UK Politics

UK backs further Syria sanctions

A still allegedly showing a Syrian soldier walking near a tank in Syria's city of Hama. Photo: August 2011
Image caption More than 2,000 people have reportedly been killed in Syria since the unrest began in March

The UK will back further sanctions against Syria over alleged killings of anti-government protesters, Foreign Office Minister Alistair Burt has said.

Syrian activists say 40 people were killed by security forces on Friday, despite official assurances military action against civilians had stopped.

Mr Burt told the BBC that diplomatic pressure on President Bashar al-Assad must be backed by economic measures.

However, he played down the prospect of Europe banning Syrian oil imports.

Later, shadow foreign secretary Douglas Alexander said he was "deeply concerned" at the government's "equivocation" over sanctions on Syrian oil.

Human rights groups believe about 2,000 people have been killed and thousands arrested since March, as Syria's security forces - using tanks, helicopters, gunships and snipers - try to quell dissent that has broken out in much of the country.

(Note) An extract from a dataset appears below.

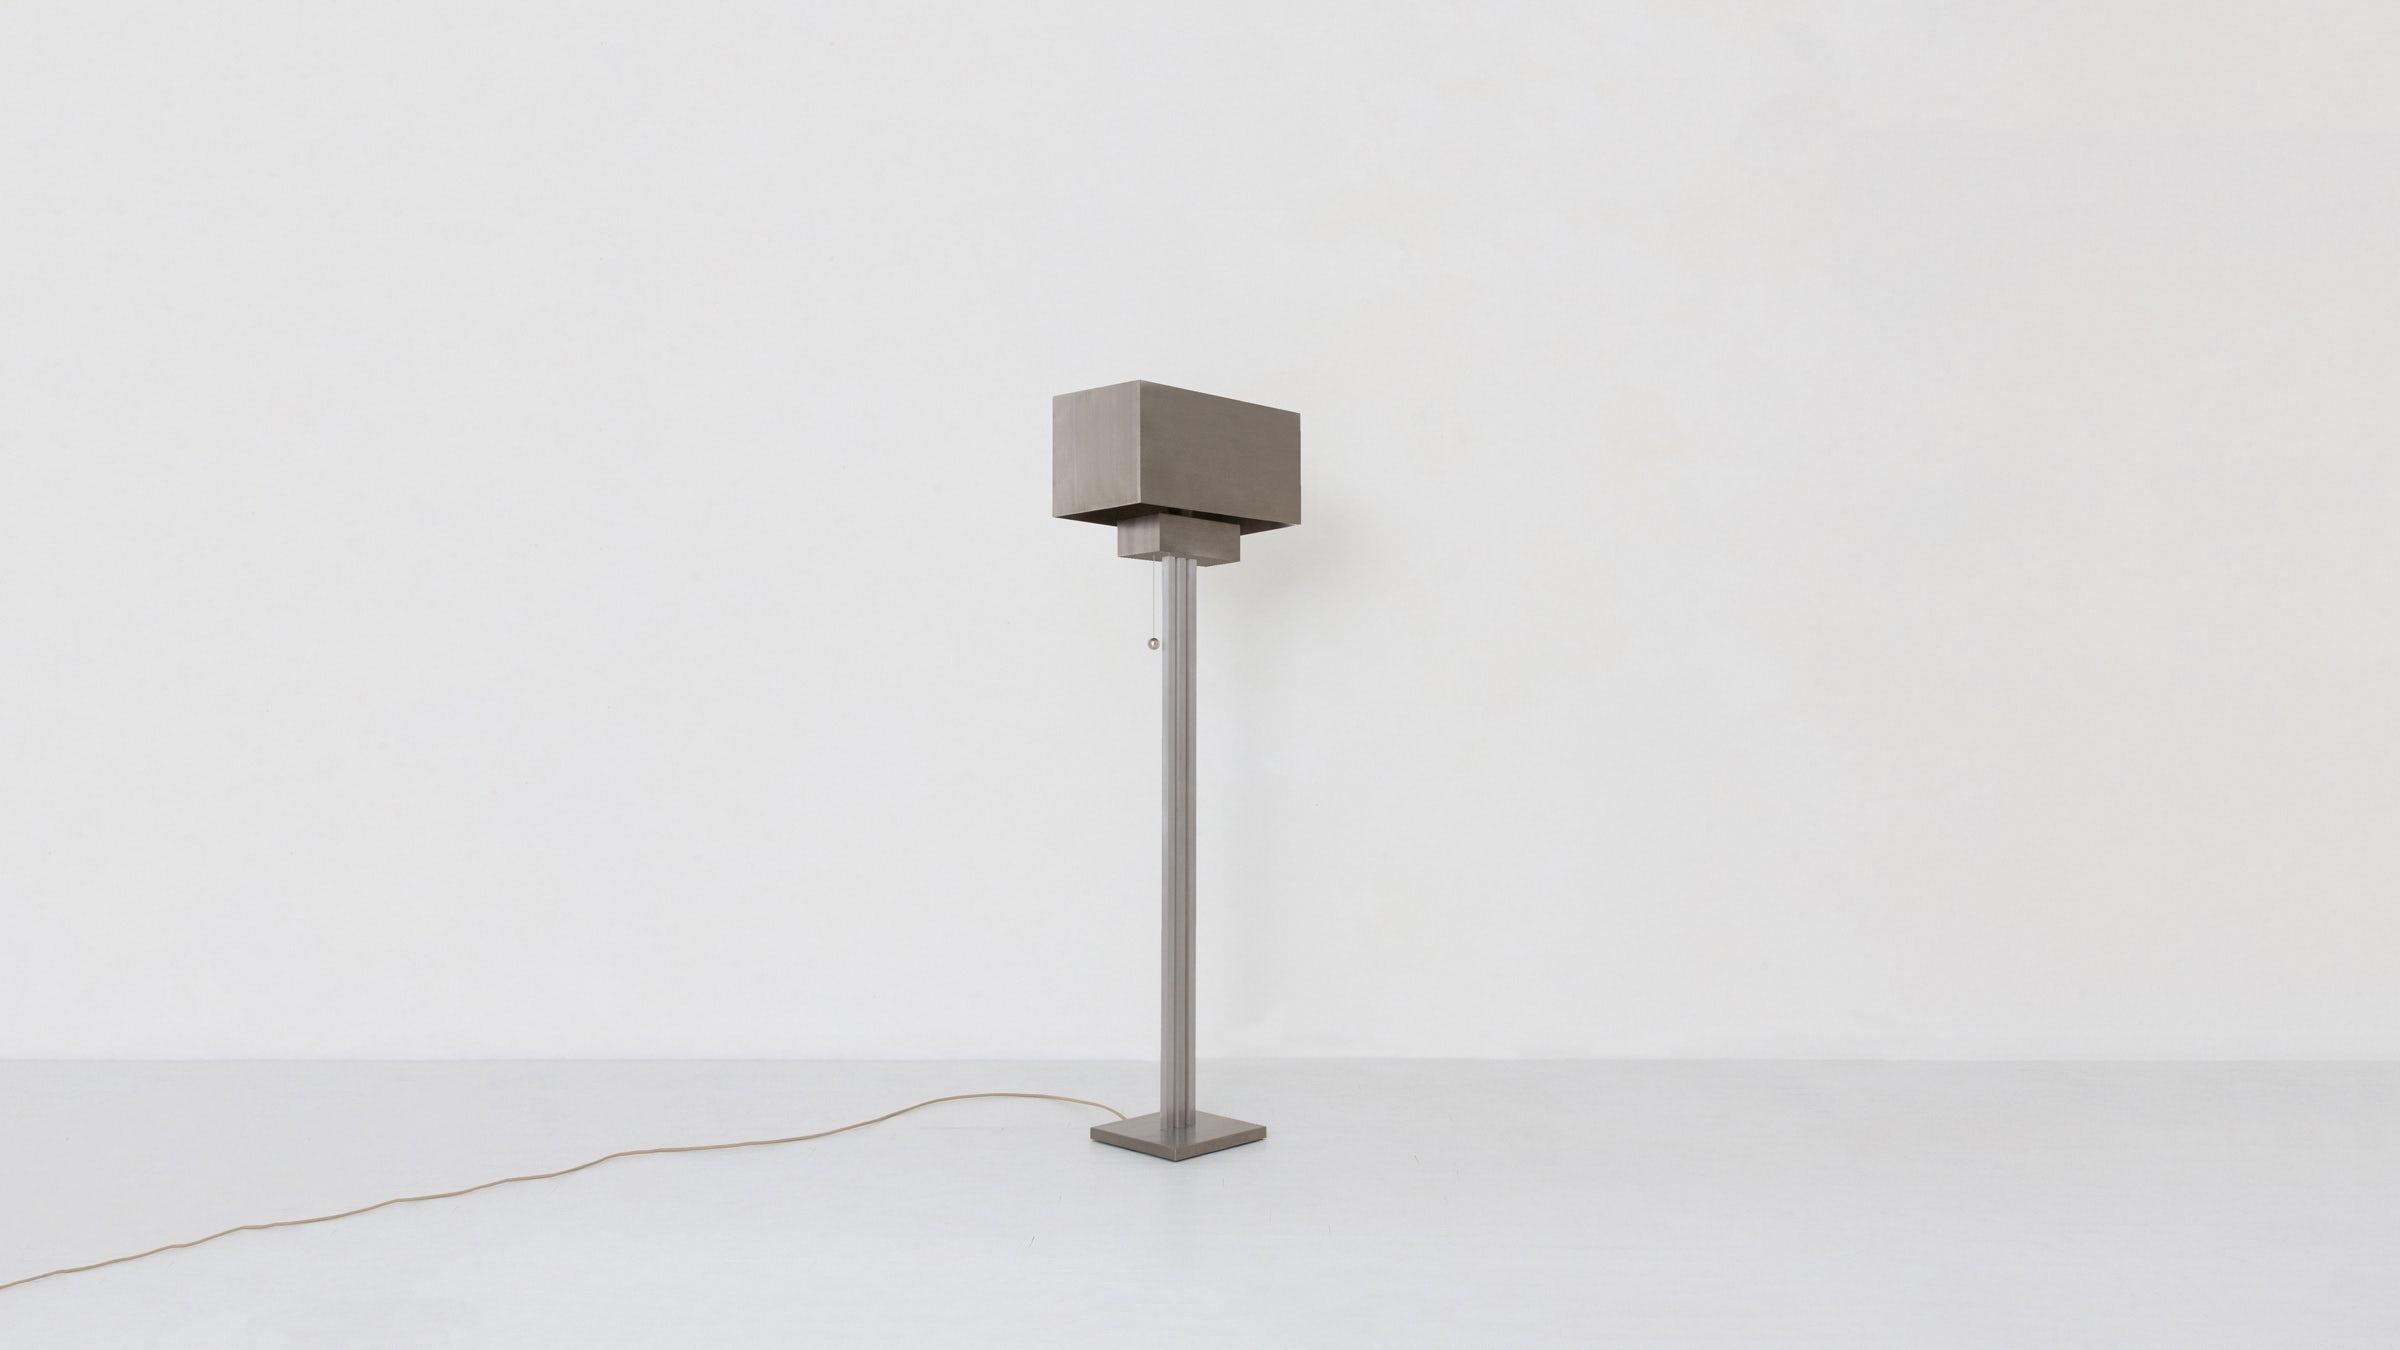 gallery image for Block Floor Lamp

Despite Mr Assad's promise on Wednesday to stop security forces firing on protesters, activist accounts and internet video postings indicate nothing much has changed, according to BBC correspondent Jim Muir, in Beirut.

Mr Burt told BBC Radio 4's Today programme on Saturday: "Our view is that sanctions must continue to be targeted on those who support the regime.

'Travel bans'

"Sanctions should be considered on the basis of what will have most effect on changing that situation or improving the situation for the Syrian people."

Further measures could include freezing the assets of individuals or organisations, imposing travel bans and imposing sanctions on telecommunications or banking firms, Reuters news agency reports.

US President Barack Obama has led calls for Mr Assad to step down and European Union foreign affairs chief, Lady Ashton, says proposals are being drawn up to follow the US lead in banning oil imports from Syria.

Europe is Syria's biggest oil export market.

However, Mr Burt said: "We've not take a decision on oil. It's got to be discussed because to be effective it's got to work collectively with the rest of the EU.

"What we are doing is increasing the pressure in a manner which does not enable a Syrian spokesman to say 'You are damaging the Syrian people'."

Clear message

Speaking on Sunday, shadow foreign secretary Douglas Alexander told the BBC: "I hope that this week the European Union led by the British government will join the action taken by the American government last week and move decisively in favour of broader sanctions, particularly in relation to oil exports.

"I really think it is imperative that the British government acts."

Mr Alexander said Britain should also consider recalling its ambassador in Damascus for discussions after Italy and Switzerland withdrew their representatives.

"There is a case to send a very clear message to President Assad that the international community is determined to strengthen that isolation," he said.

Reem Haddad, a spokeswoman for the Syrian Ministry of Information, said oil sanctions reminded her of US-imposed sanctions in 2005 when "sick people couldn't find medicine to buy".

"[Oil sanctions] will have an impact on ordinary Syrians. What is the point of doing that?"